The new law has mainly targeted Chinese traders, many of whom are now being forced to shutter their businesses in rural areas and to apply to the Ministry of Industry and Trade for business licenses to operate in Lilongwe, Blantyre, Mzuzu or Zomba – the country’s four major cities.

“They can operate in rural areas when they are in production and big business, not doing petty trading,” Malawi Minister of Industry and Trade John Bande told IRIN, adding that the government would continue passing legislation that encouraged serious foreign investment “to the benefit of Malawians”.

But human rights groups have described the legislation as xenophobic, and consumers like Arnold Mwenefumbo, from Karonga District in northern Malawi, complain that forcing out the Chinese traders will mean paying much higher prices for products sold by Malawians and other African nations.

“[The Chinese] were also employing our son and daughters,” said Mwenefumbo.


In Lesotho, a tiny land-locked country facing high rates of poverty and unemployment, the relatively recent appearance of thousands of foreign, mostly Chinese-owned, businesses has generated similar resentment from local business owners, but little government intervention.

Before the mid-1990s, Makhabane Theko ran a successful retail business in the capital, Maseru, but now leases his building to the same Chinese traders who he says pushed him out of business. “It’s difficult to compete against the foreign investors, especially the Chinese.

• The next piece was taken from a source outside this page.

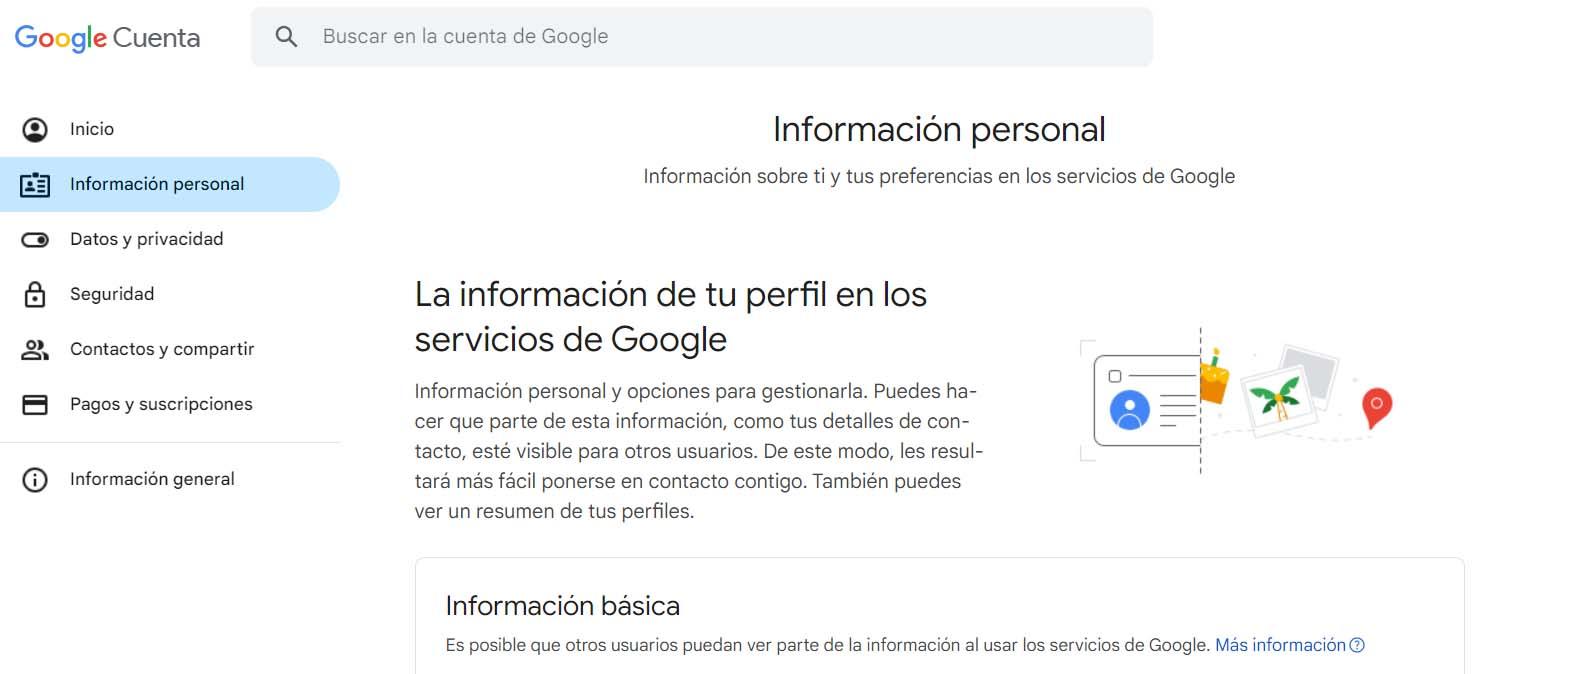 Información personal de Google

You sell 500g of sugar for 8.00 maloti (US$1.4) and they will sell it for a price that is almost half that,” he told IRIN.

Stories like Theko’s are common. Although the exact number of Chinese in Lesotho is unknown, estimates range between 10,000 and 20,000, or up to 1 percent of Lesotho’s population of 1.9 million, according to a recent report released by the Brenthurst Foundation. “Business is good here,” said one Chinese trader.

Unlike neighbouring South Africa, which has a long history of Chinese migration and Chinese-run businesses, Lesotho has traditionally been a country of out-migration and has little experience with immigrants. National legislation limits ownership of small businesses to Basotho citizens, but the government has largely turned a blind eye to corrupt practices allowing Chinese migrants to purchase trading licenses or even national identity documents.

“Chinese are now selling makoenya [fat cakes], loose cigarettes, even beer at retail prices, but their business category forbids them from doing so,” said a street vendor who sells cigarettes in Maseru.

Yoon Jung Park, coordinator of the Chinese in Africa/Africans in China (CA/AC) International Research Working Group, has conducted research on perceptions of Chinese in southern Africa. She noted that small countries with struggling economies like Lesotho are seeing funding from Western donors dwindling; many may view Chinese investment as their next best hope. This is reflected in the lack of government action to regulate the proliferation of small Chinese-run businesses.

“I think there’s a link between official ties [with China] and the messages that get filtered down to people, especially in these small countries that are desperate for foreign aid, that the Chinese are the great hope and we need to be nice to them,” she told IRIN.